=== Section Start ===
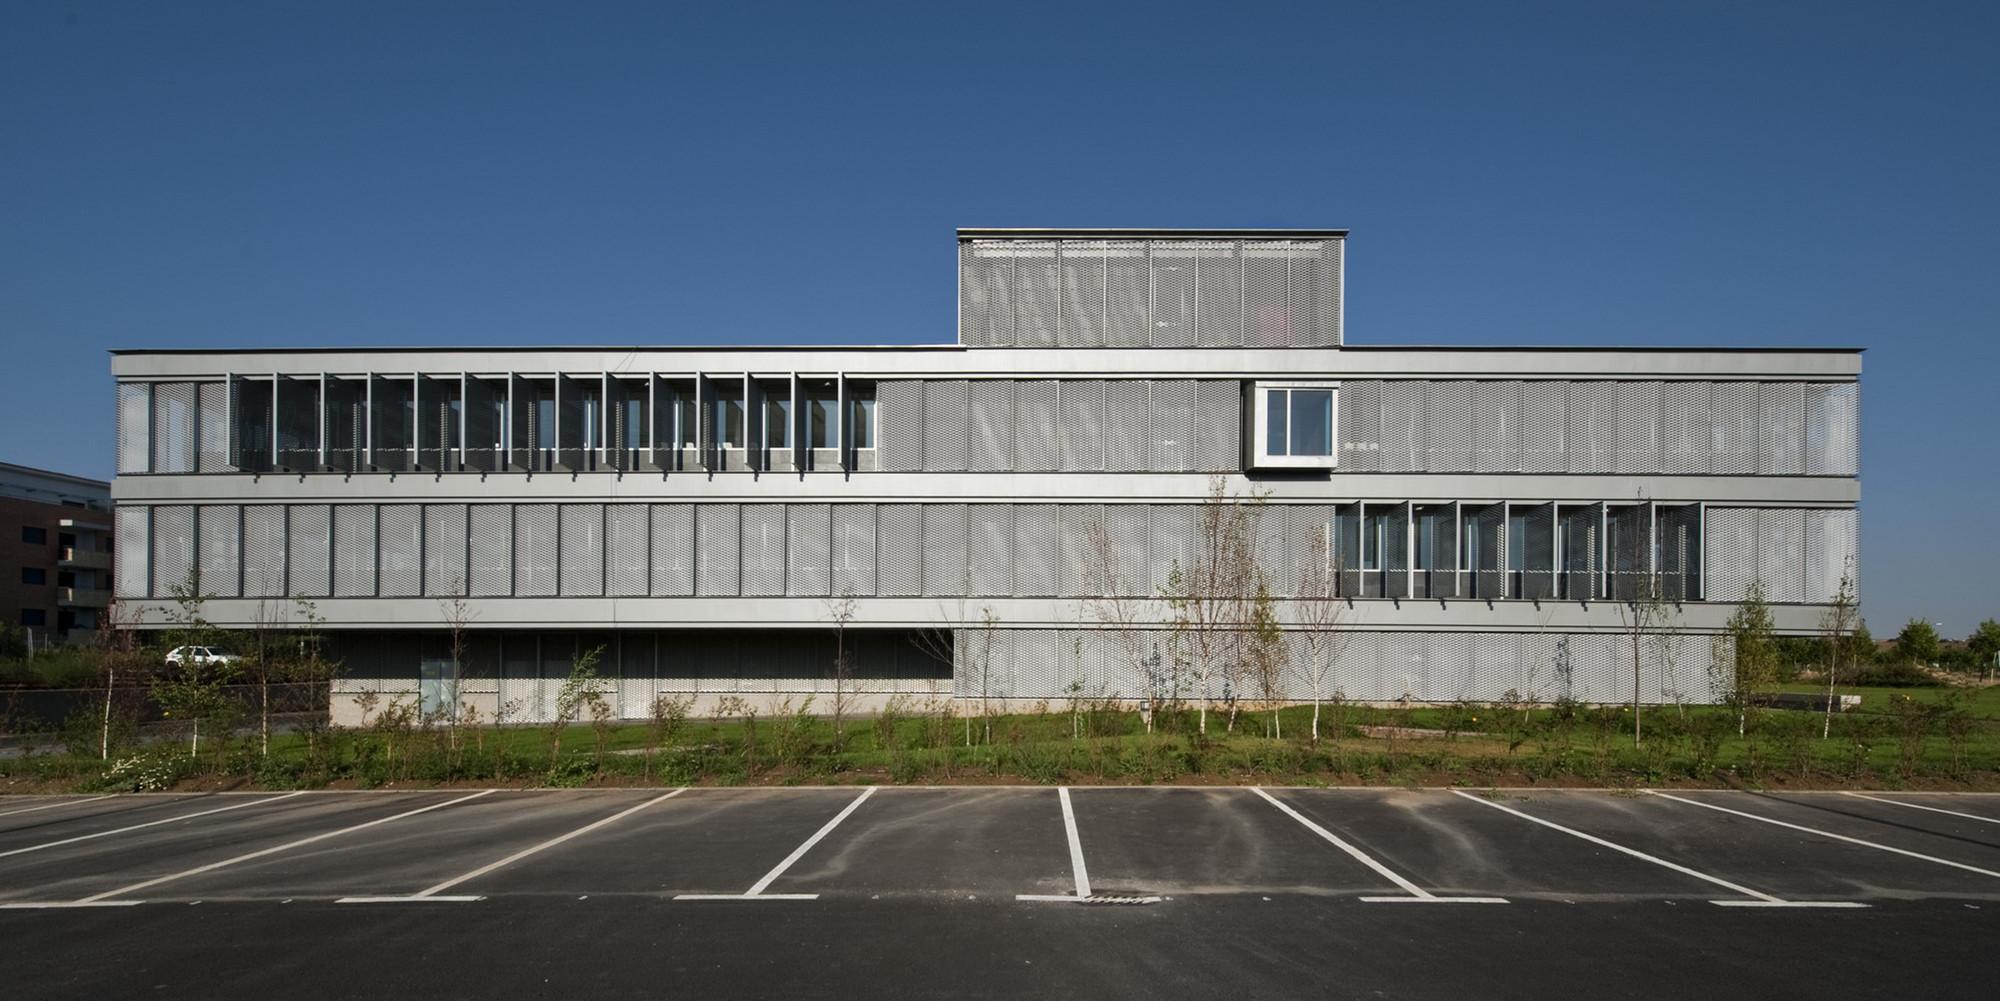 M2 Technological Building,  University of Salamanca / Sanchez Gil Arquitectos, © Fernando Sánchez Cuadrado
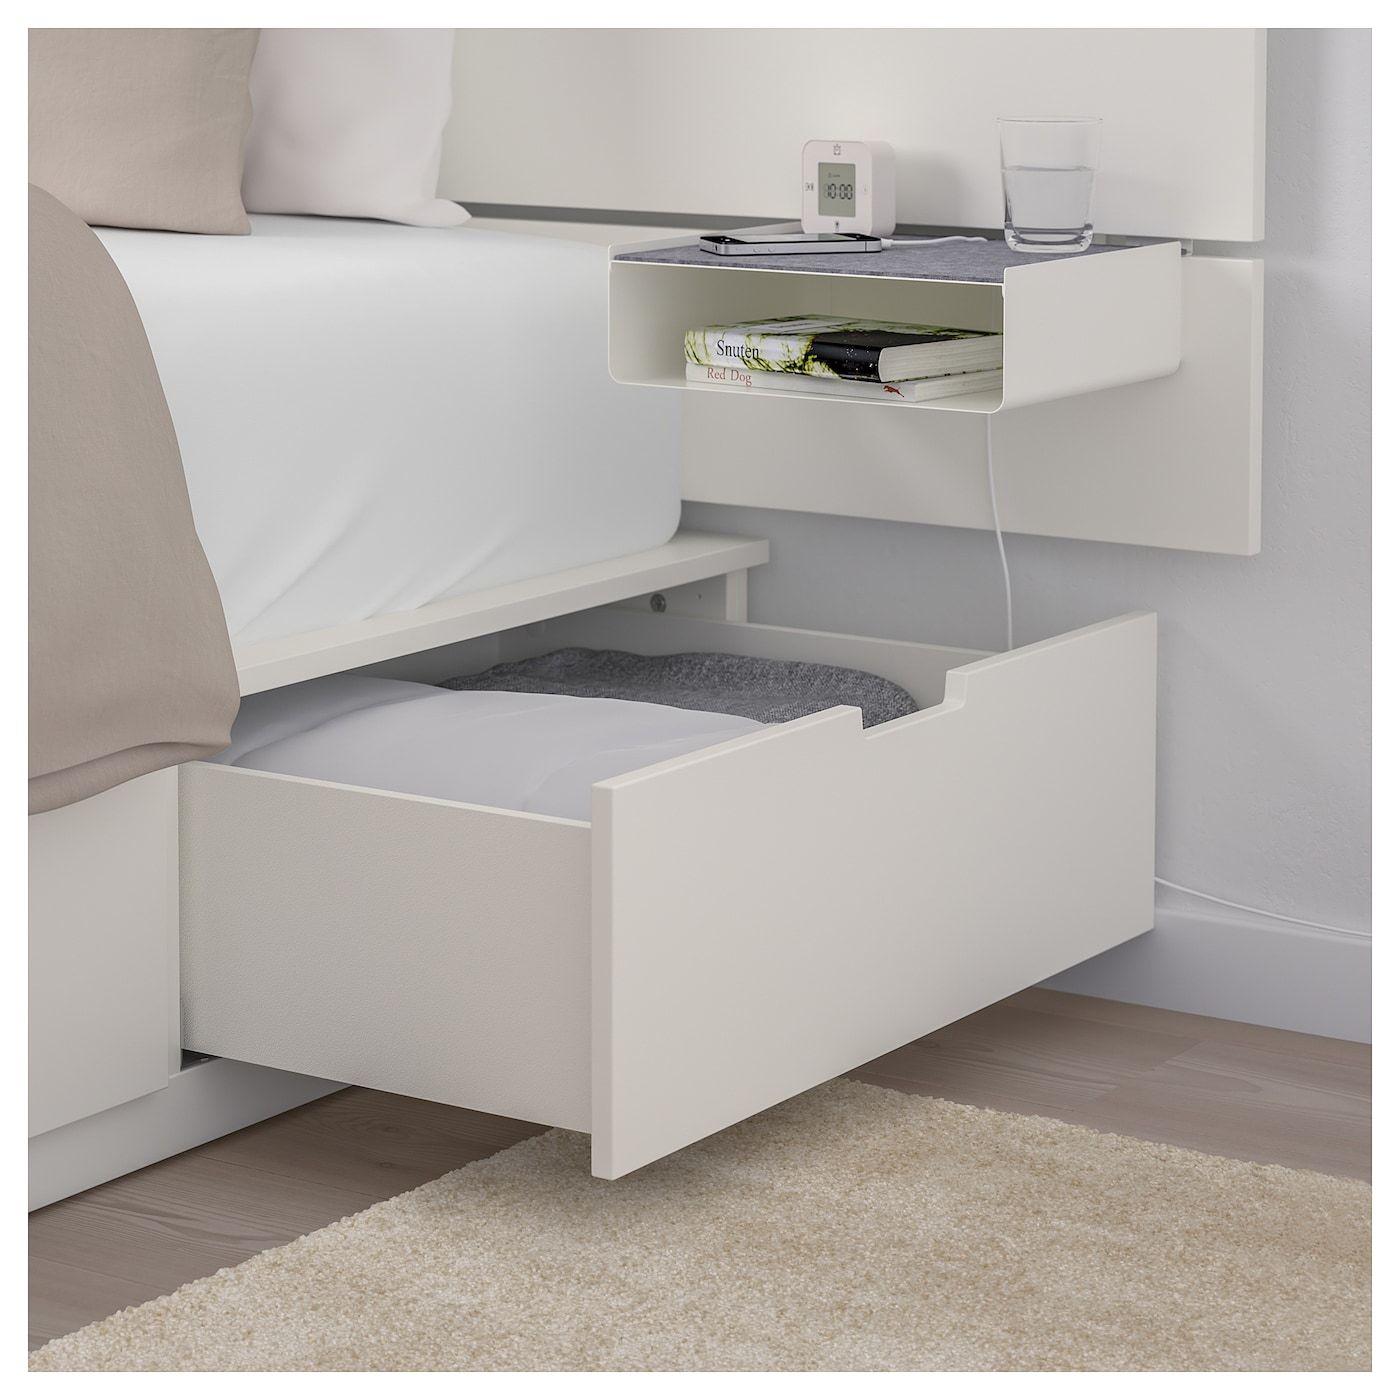 Nordli Bed With Headboard And Storage White Queen 160x200 Cm Lit Rangement Tete De Lit Avec Rangement Lit Blanc
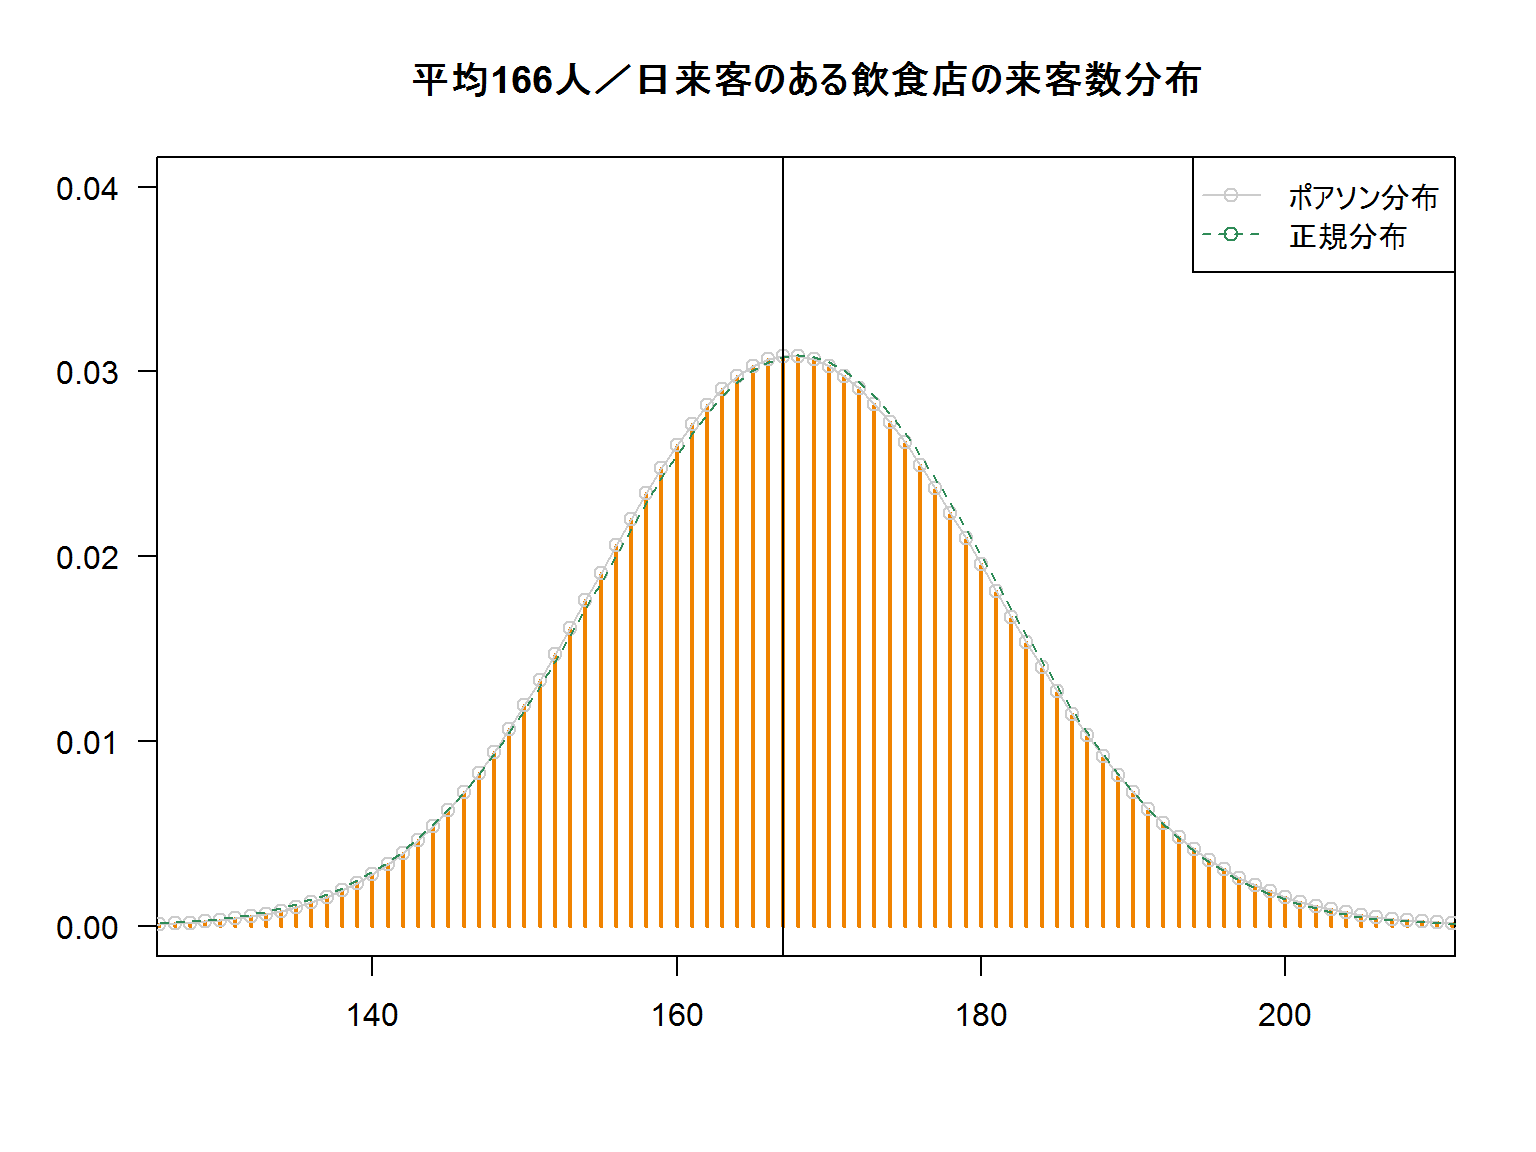 Poisson_distribution_5
=== Section End ===
→ DIRECTIONS FOR THIS TASK
Output the whole listing exactly. Pictures stay out.

→ REPLY TO THE TASK
 M2 Technological Building,  University of Salamanca / Sanchez Gil Arquitectos, © Fernando Sánchez Cuadrado
 Nordli Bed With Headboard And Storage White Queen 160x200 Cm Lit Rangement Tete De Lit Avec Rangement Lit Blanc
 Poisson_distribution_5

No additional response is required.